What the exercise asks:
All of the listing should be output exactly, apart from the pictures.

The data:
────────────────────────────────────────

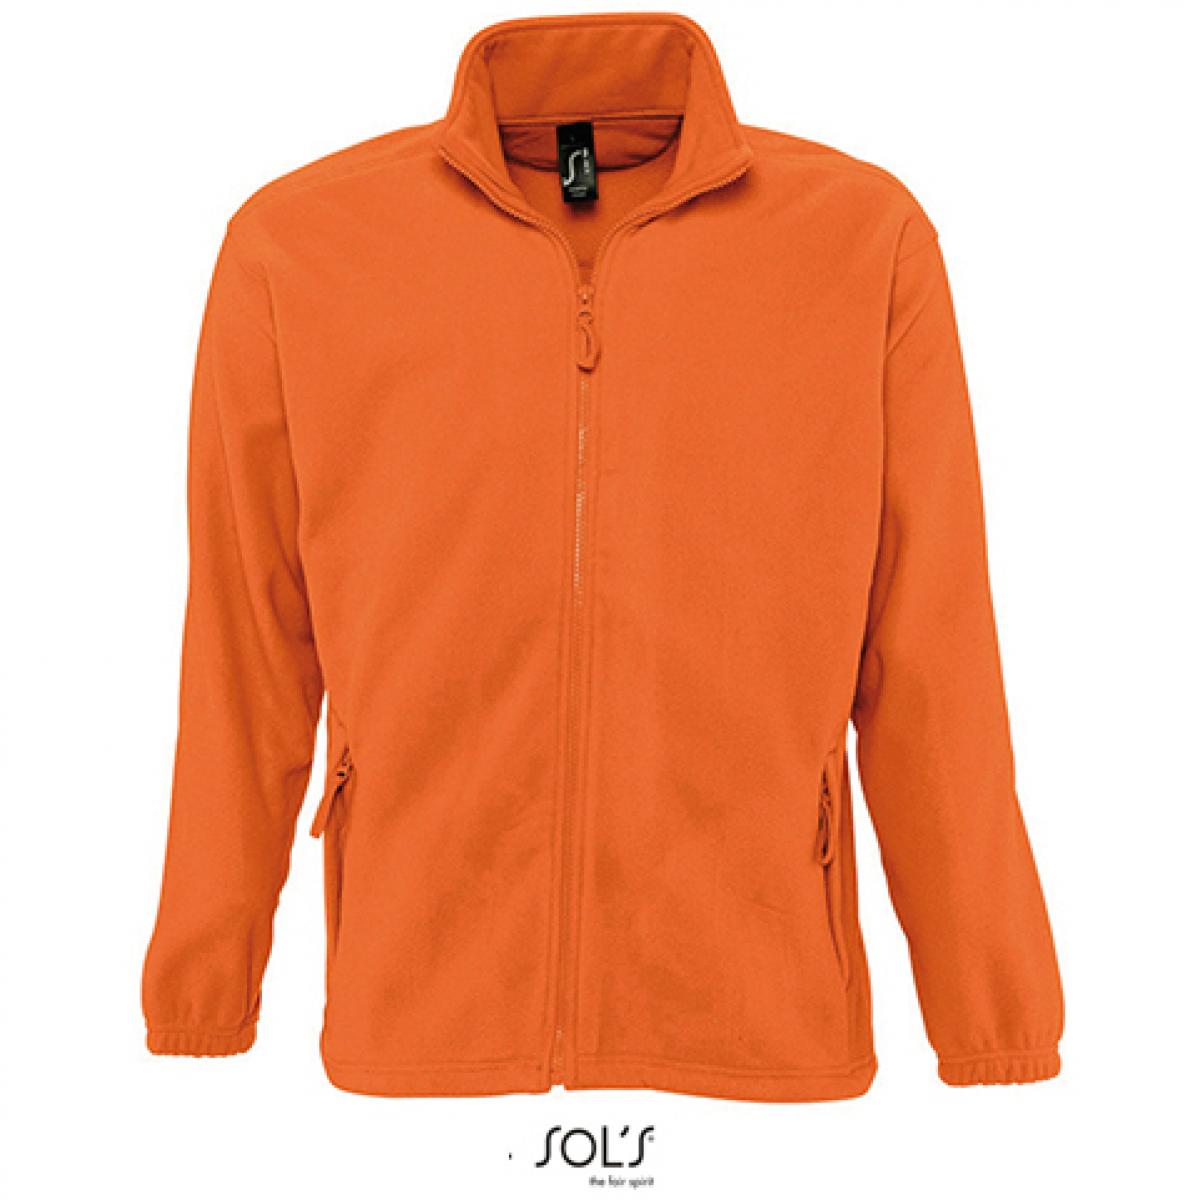 Hersteller: SOLs Herstellernummer: 55000 Artikelbezeichnung: Fleecejacket North / Herren Jacke bis 5XL Farbe: Orange
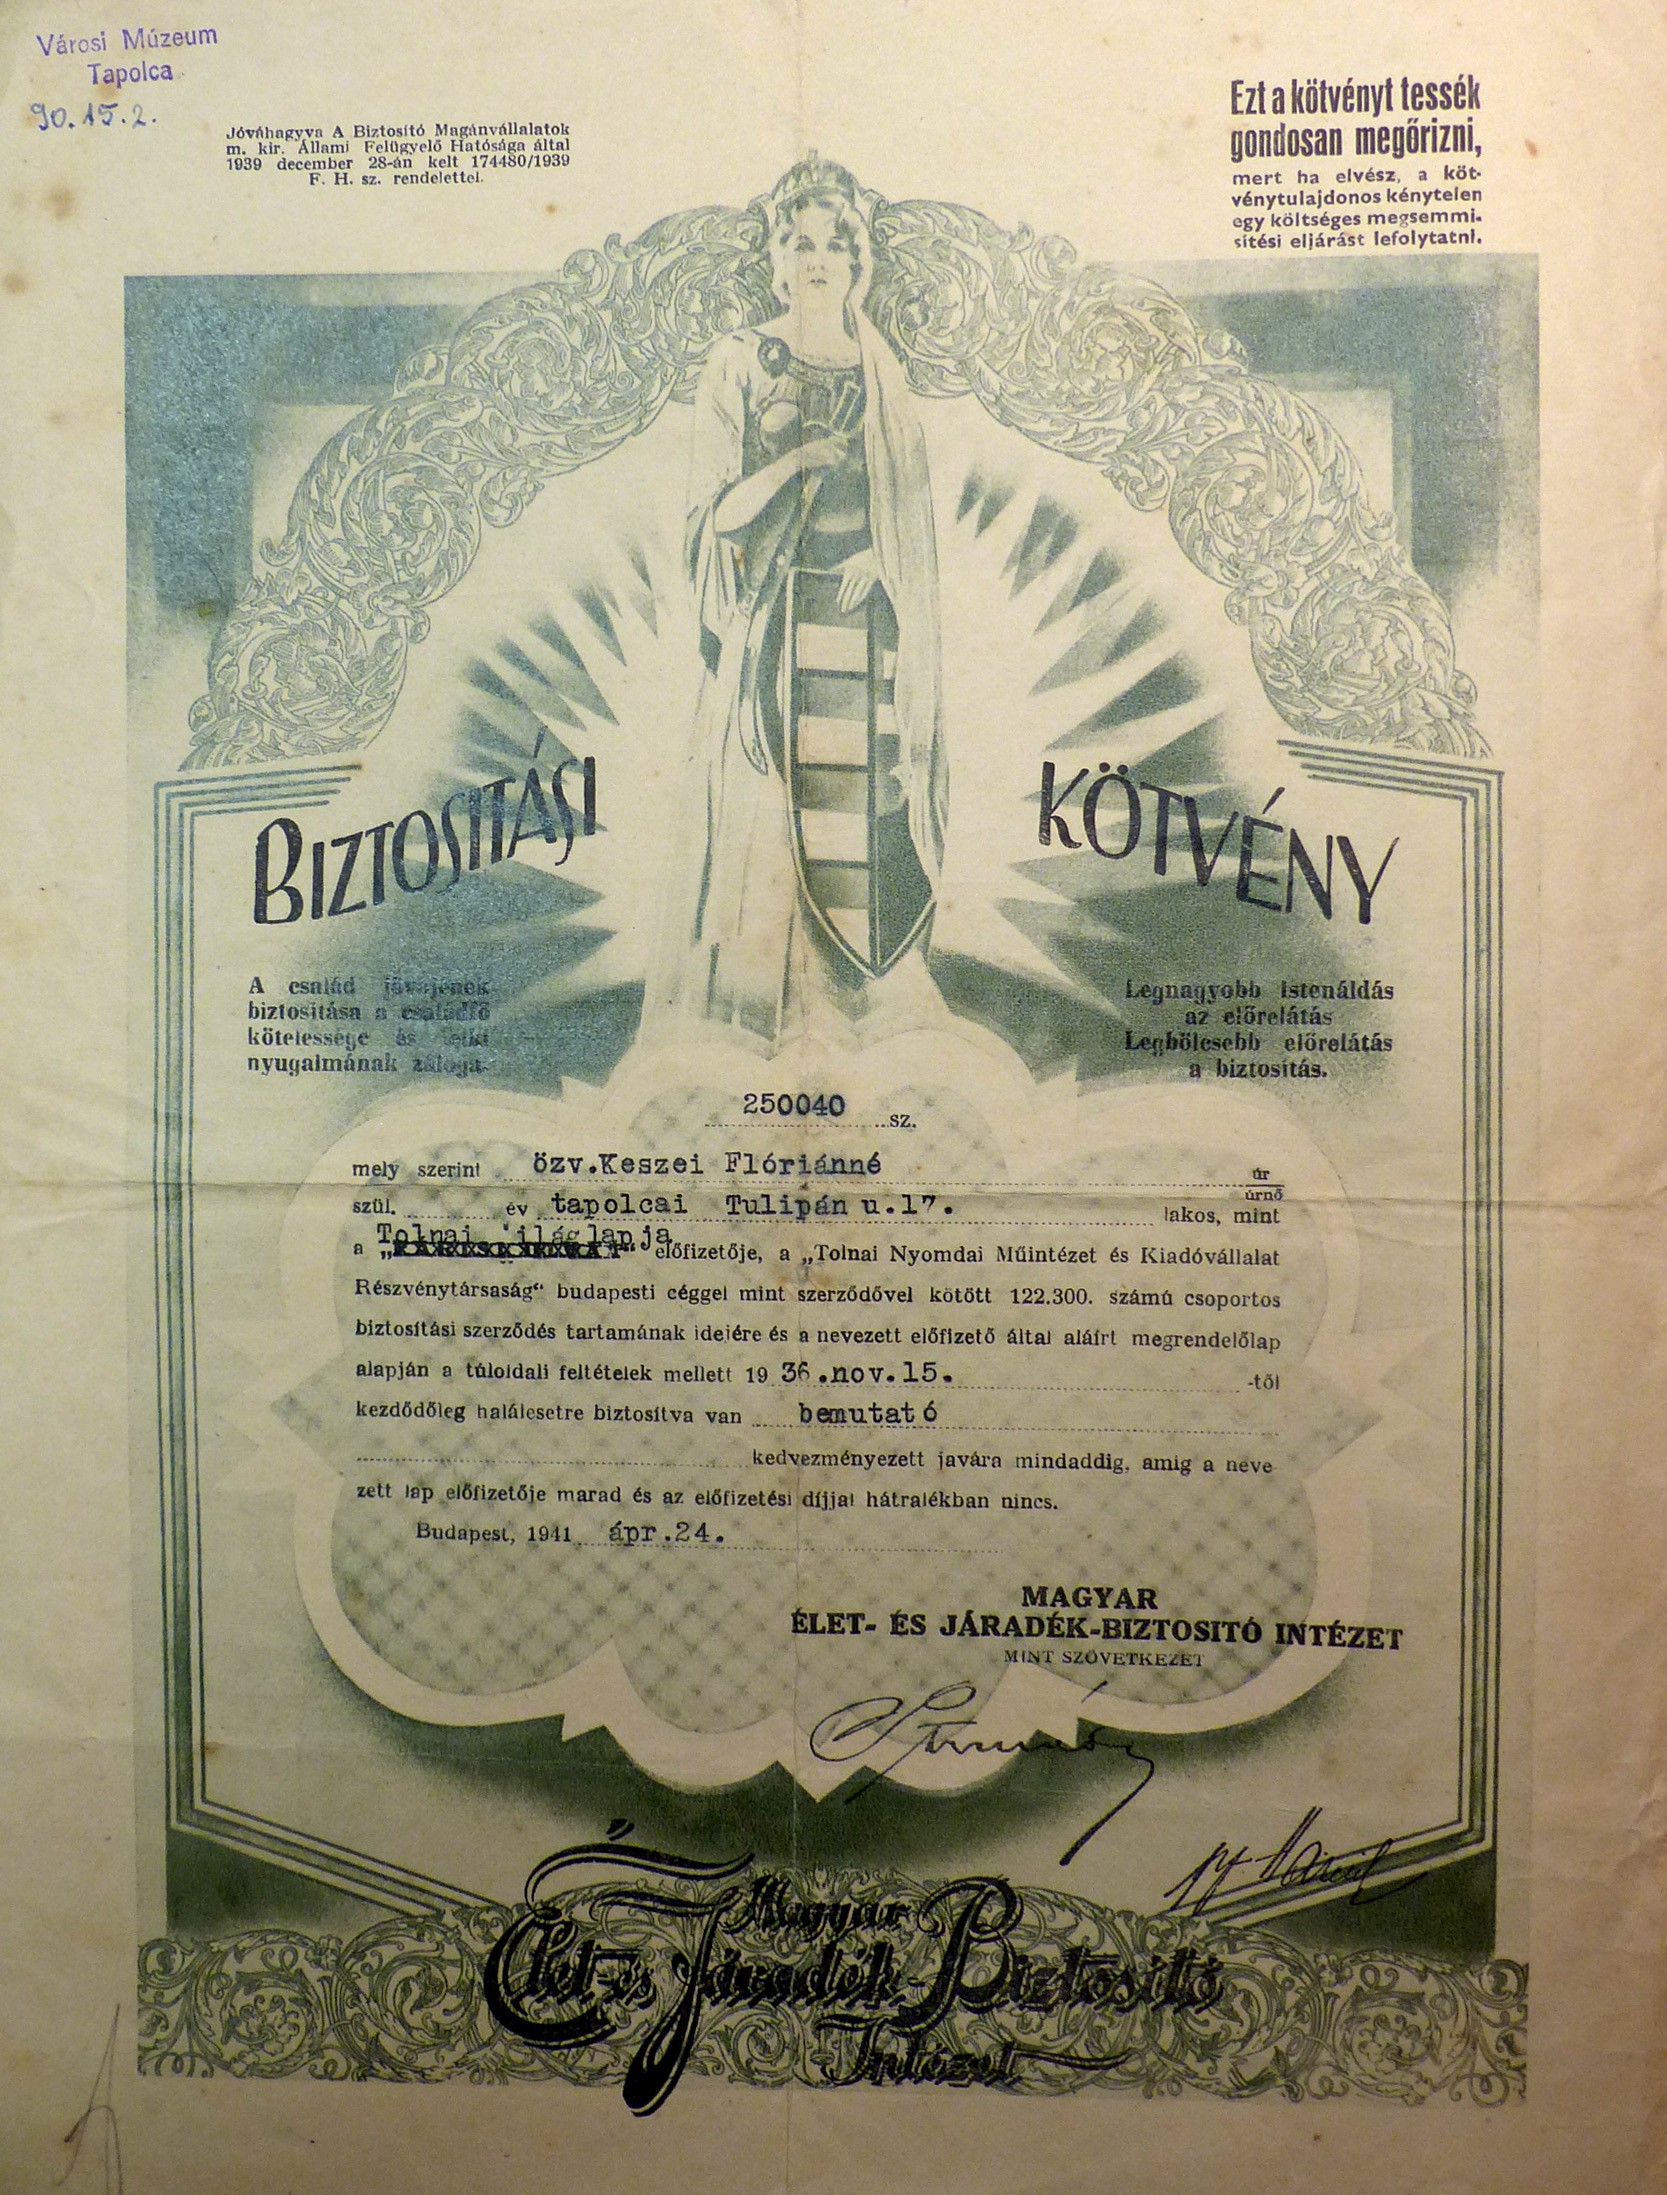 Biztosítási kötvény 1941 (Tapolcai Városi Múzeum CC BY-NC-SA)
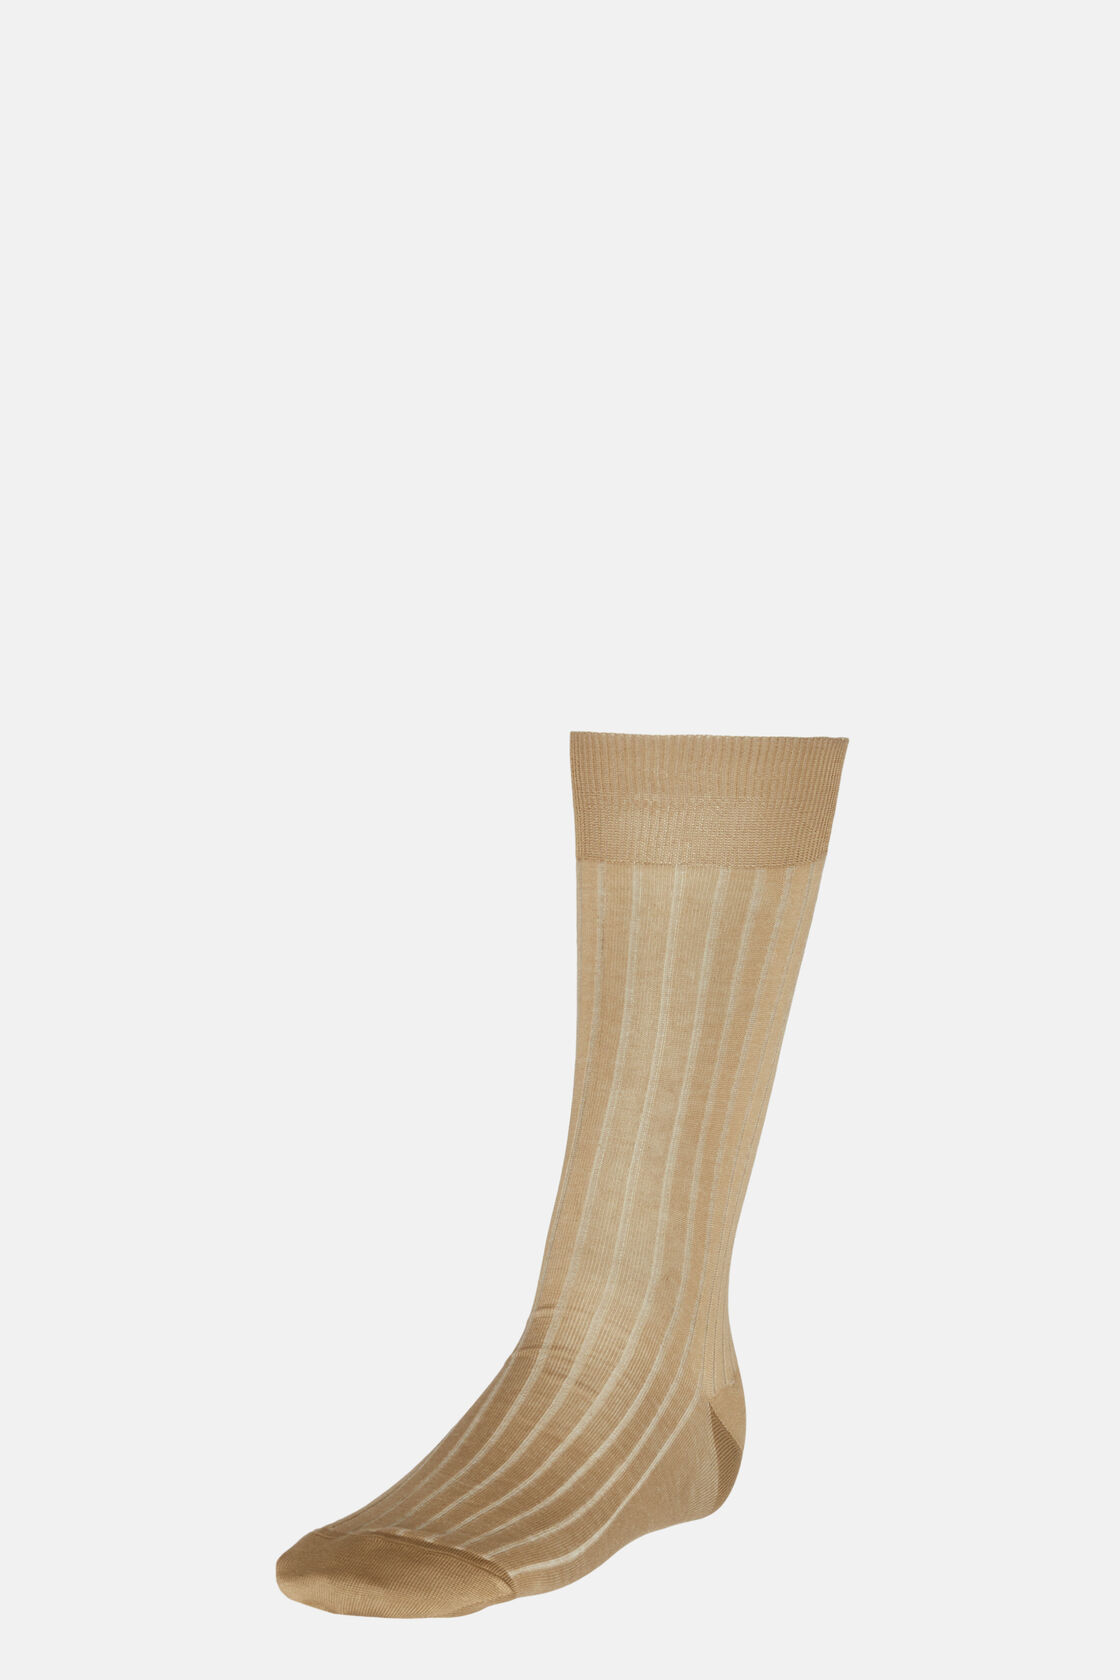 Βαμβακερές μερσεριζέ κάλτσες με πλέξη ριπ, Beige, hi-res
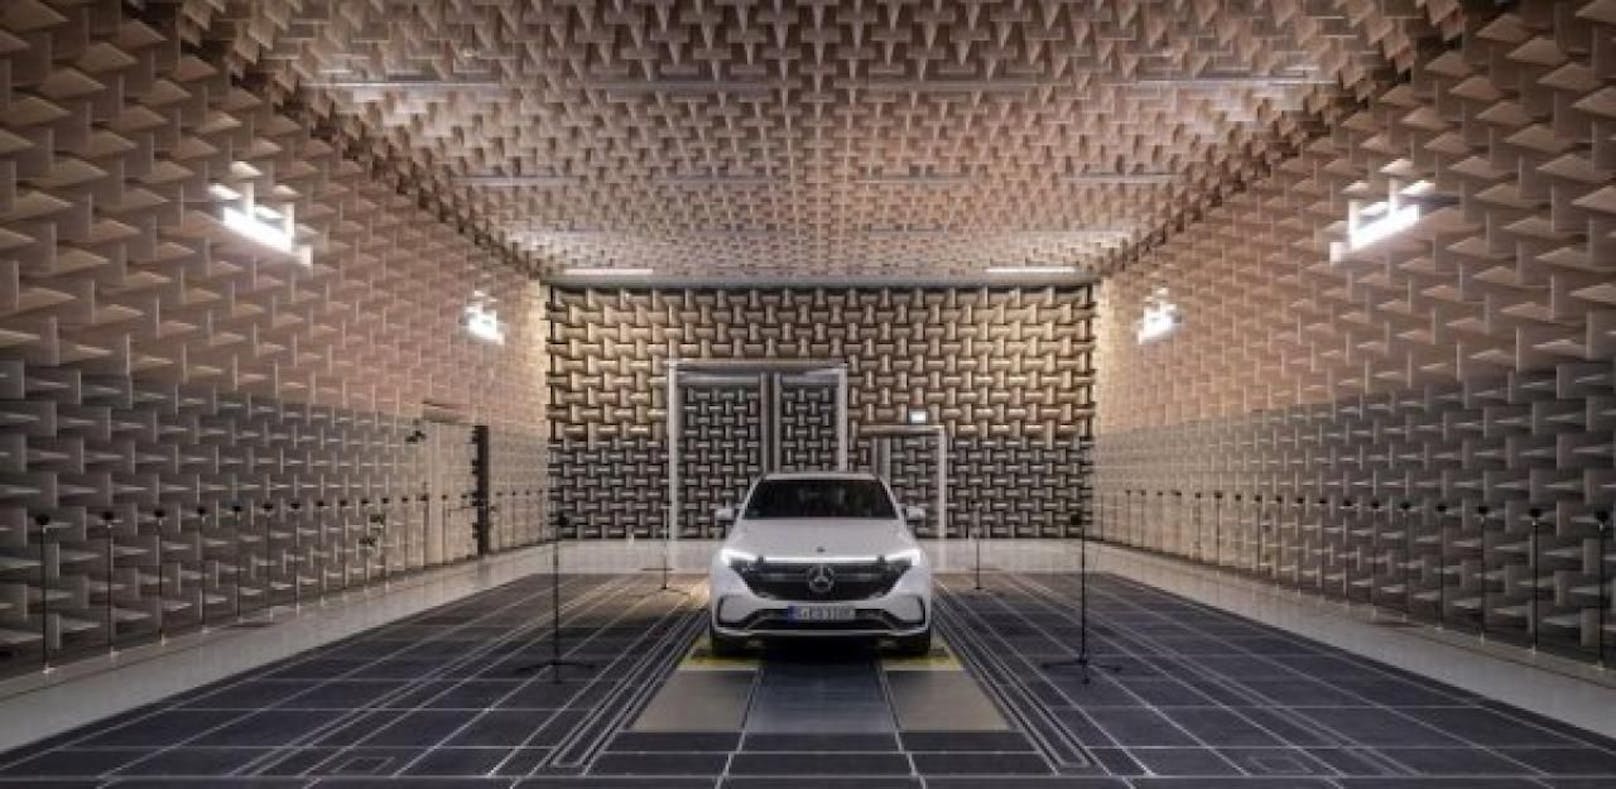 Außengeräuschprüfstand von Mercedes-Benz in Sindelfingen: Hier wird für jedes E-Auto ein individuell abgestimmter E-Sound entwickelt.

────────────────────────────────────────

Answer box:
 Hersteller: SOLs Herstellernummer: 55000 Artikelbezeichnung: Fleecejacket North / Herren Jacke bis 5XL Farbe: Orange
 Biztosítási kötvény 1941 (Tapolcai Városi Múzeum CC BY-NC-SA)
 Βαμβακερές μερσεριζέ κάλτσες με πλέξη ριπ, Beige, hi-res
 Außengeräuschprüfstand von Mercedes-Benz in Sindelfingen: Hier wird für jedes E-Auto ein individuell abgestimmter E-Sound entwickelt.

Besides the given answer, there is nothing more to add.